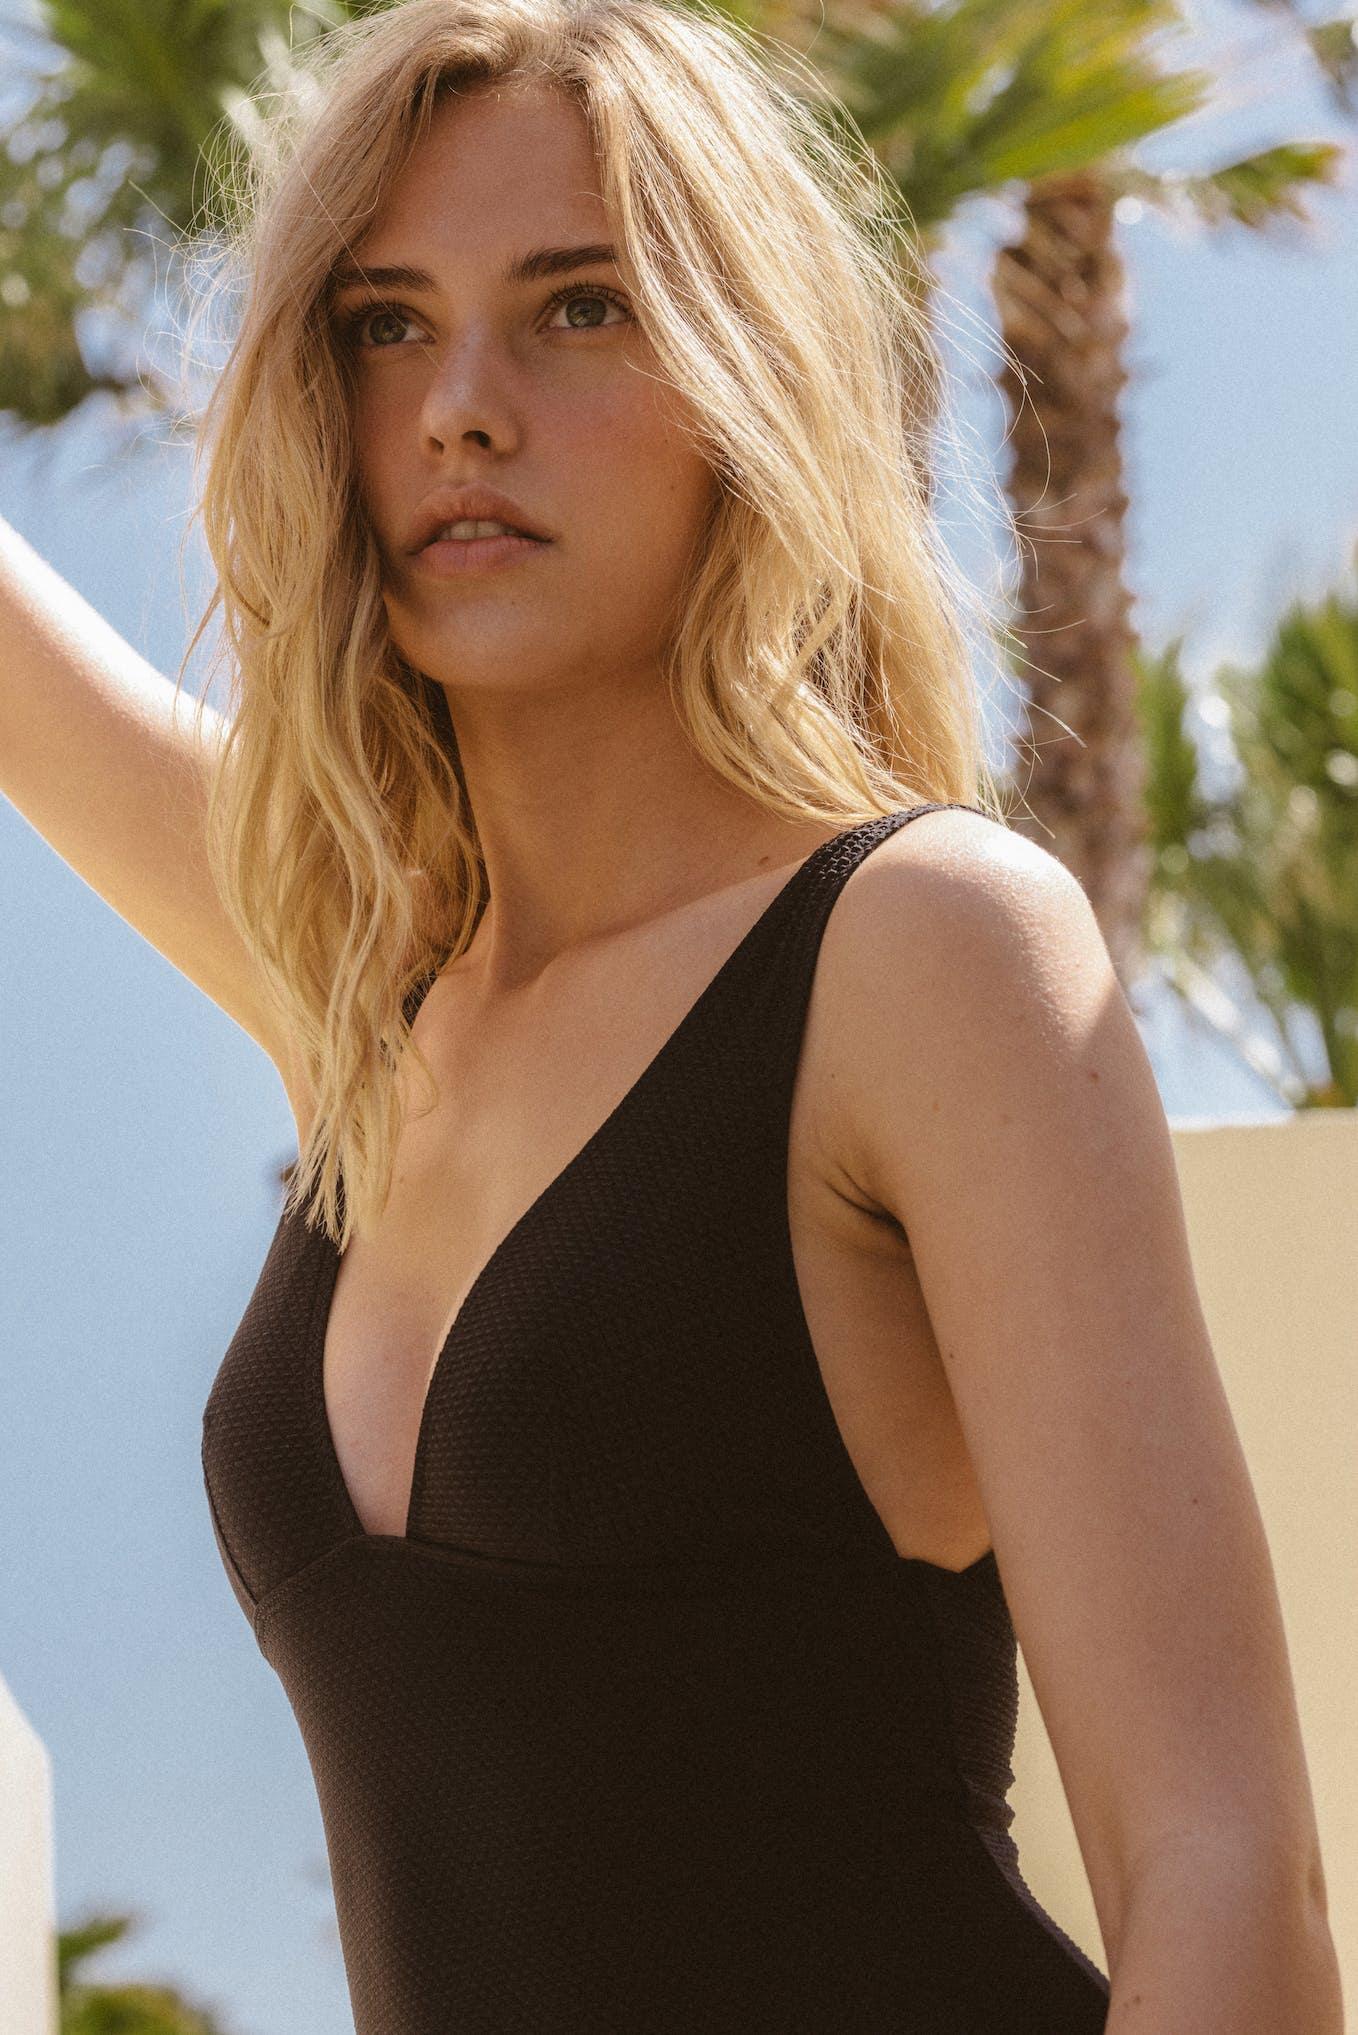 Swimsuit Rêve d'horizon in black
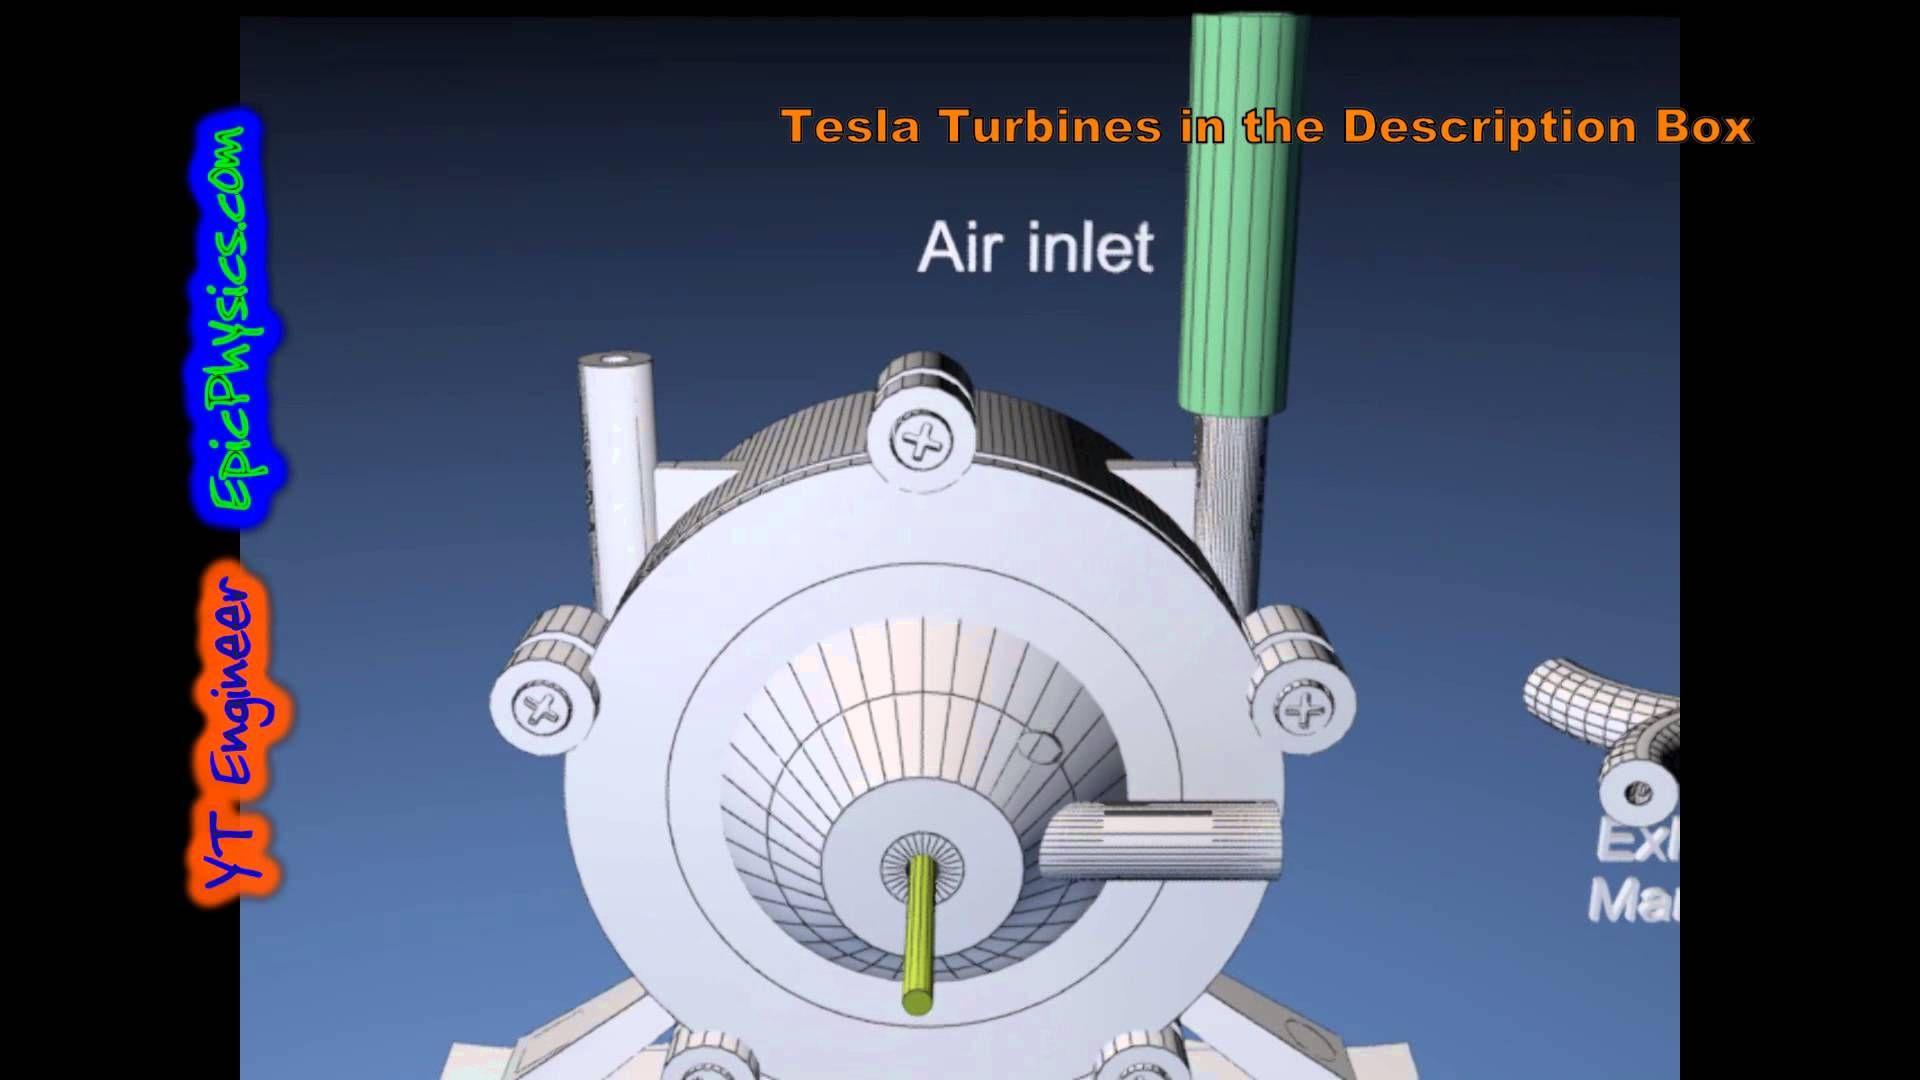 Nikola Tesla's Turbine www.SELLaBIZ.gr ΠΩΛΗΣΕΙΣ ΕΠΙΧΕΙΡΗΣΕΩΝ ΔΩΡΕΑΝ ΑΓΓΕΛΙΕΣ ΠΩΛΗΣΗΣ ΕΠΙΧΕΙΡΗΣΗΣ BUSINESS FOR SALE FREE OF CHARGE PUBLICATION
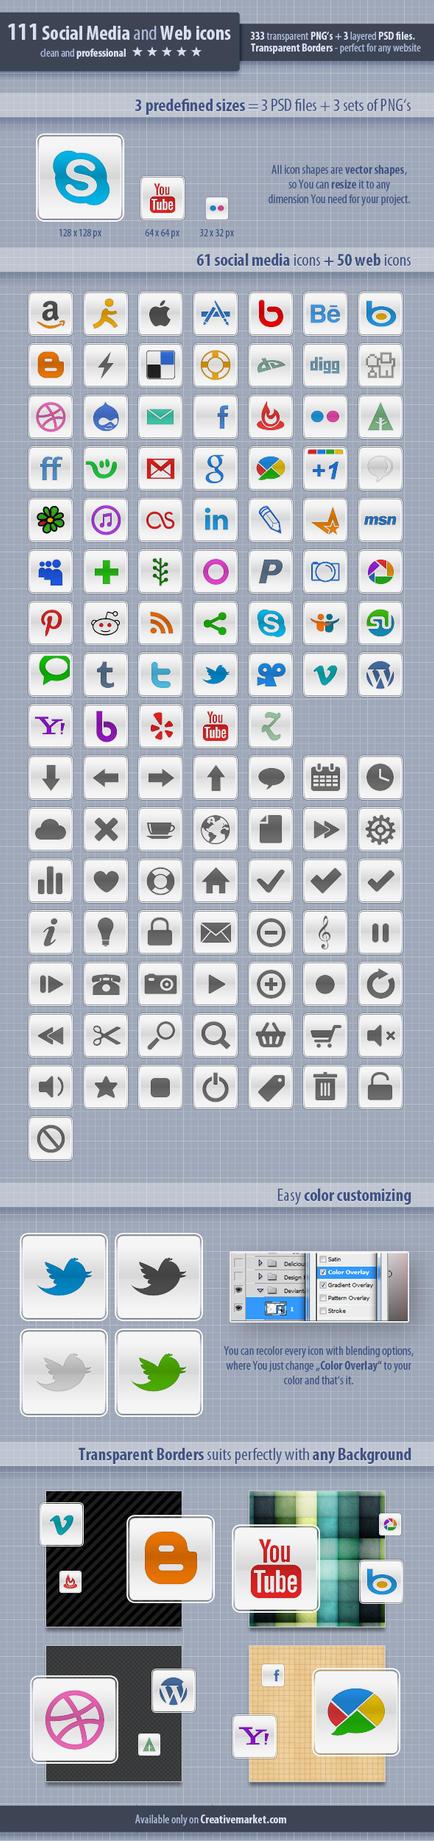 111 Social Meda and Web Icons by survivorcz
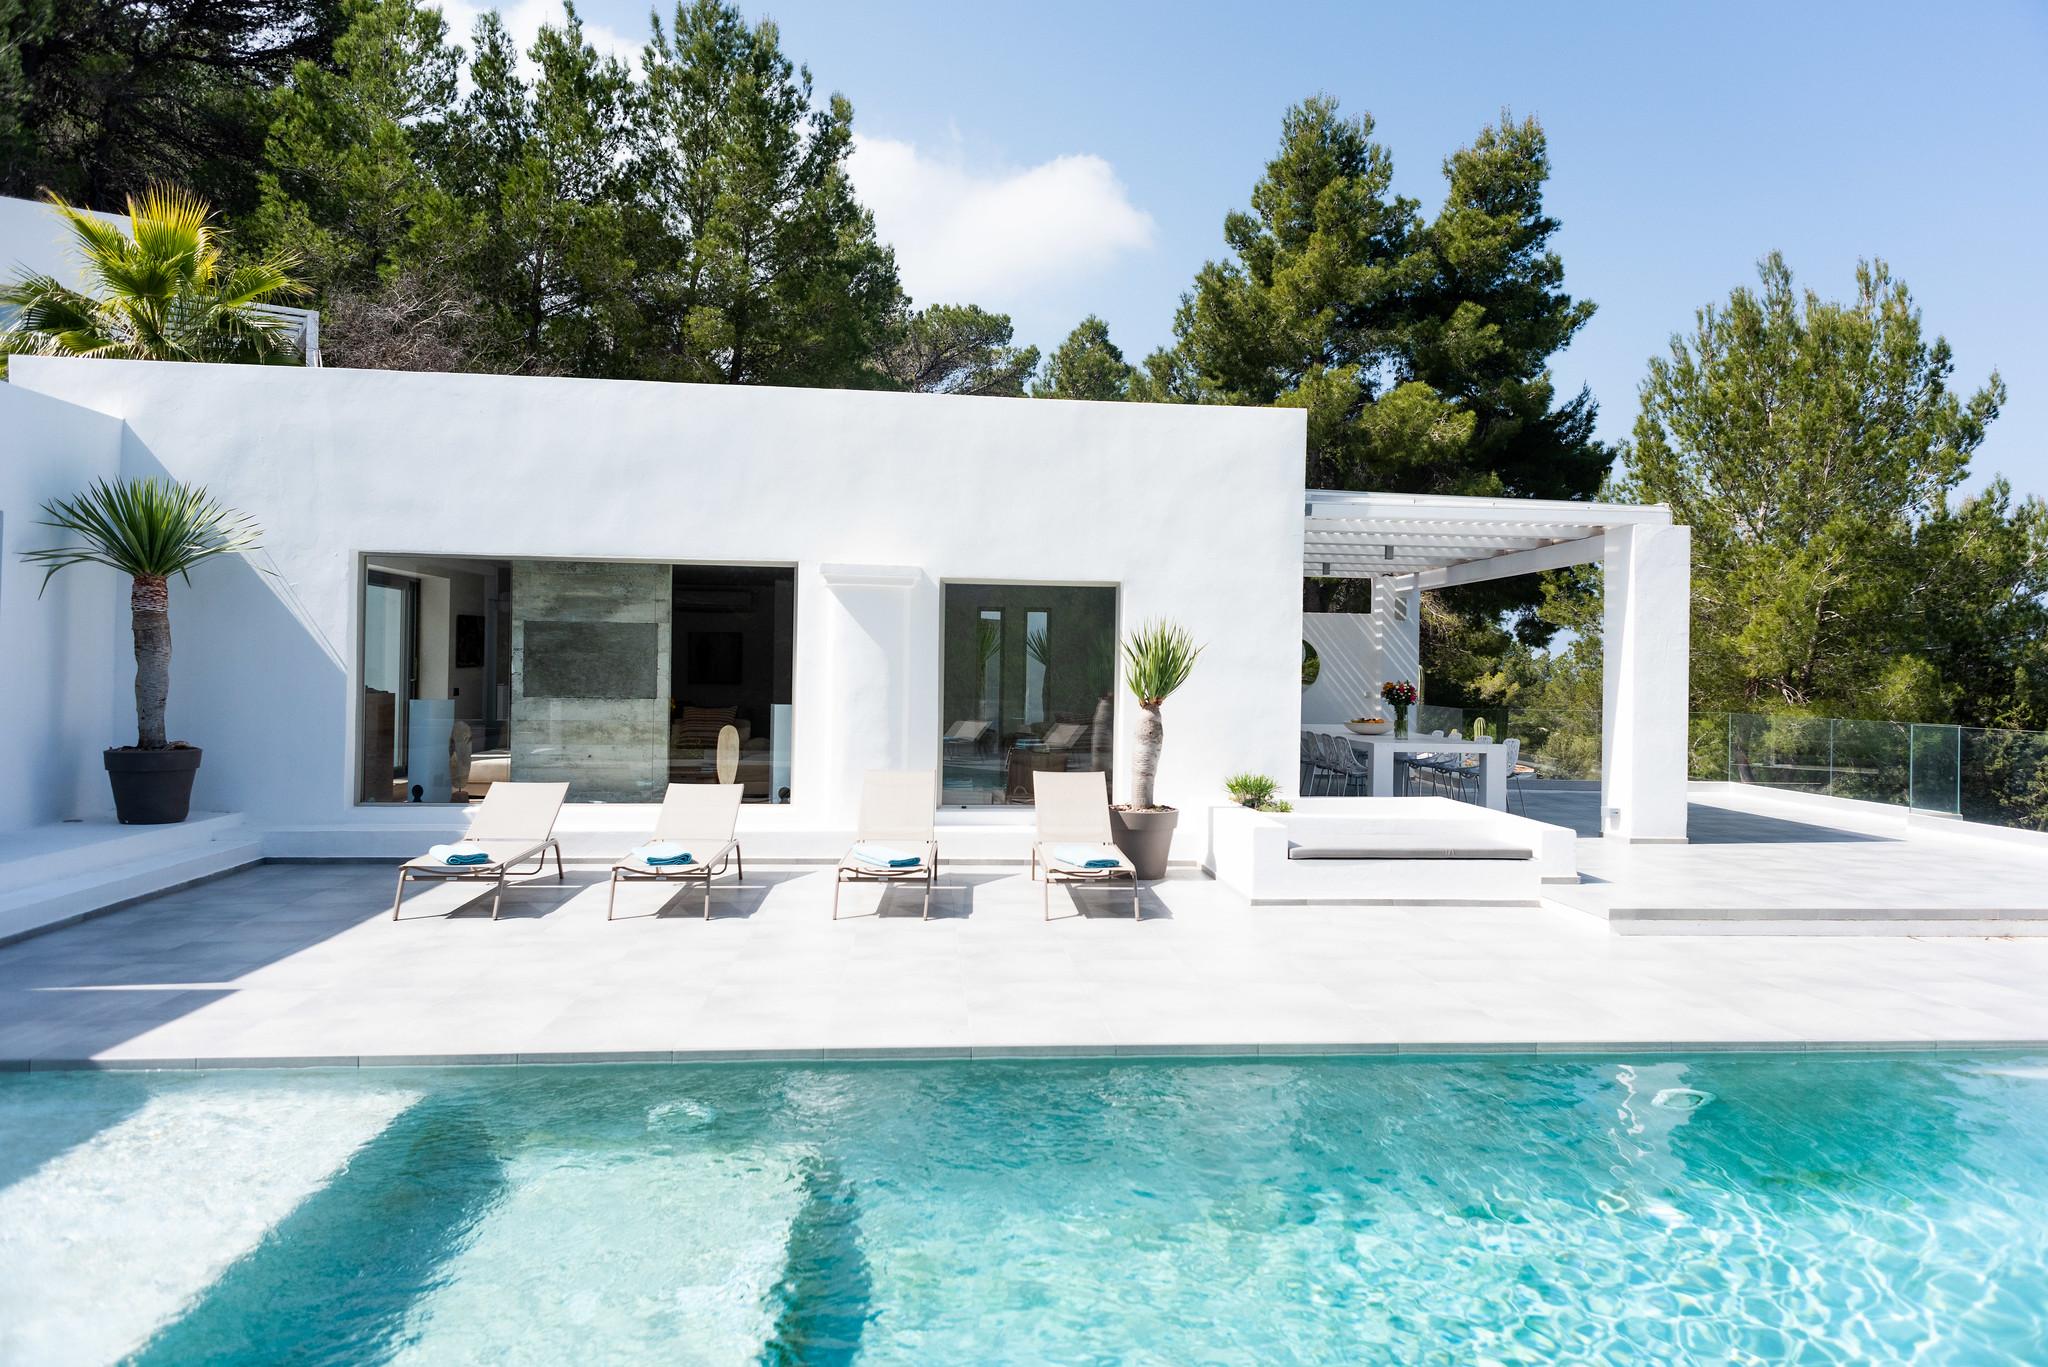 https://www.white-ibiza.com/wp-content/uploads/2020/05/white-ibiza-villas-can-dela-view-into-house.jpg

========

§ Exercise brief: Without the pictures, repeat exactly the lines running from the line containing "Nikola Tesla's Turbine" through the end of the data, both ends included.

§ Solution:
 Nikola Tesla's Turbine www.SELLaBIZ.gr ΠΩΛΗΣΕΙΣ ΕΠΙΧΕΙΡΗΣΕΩΝ ΔΩΡΕΑΝ ΑΓΓΕΛΙΕΣ ΠΩΛΗΣΗΣ ΕΠΙΧΕΙΡΗΣΗΣ BUSINESS FOR SALE FREE OF CHARGE PUBLICATION
 111 Social Meda and Web Icons by survivorcz
 https://www.white-ibiza.com/wp-content/uploads/2020/05/white-ibiza-villas-can-dela-view-into-house.jpg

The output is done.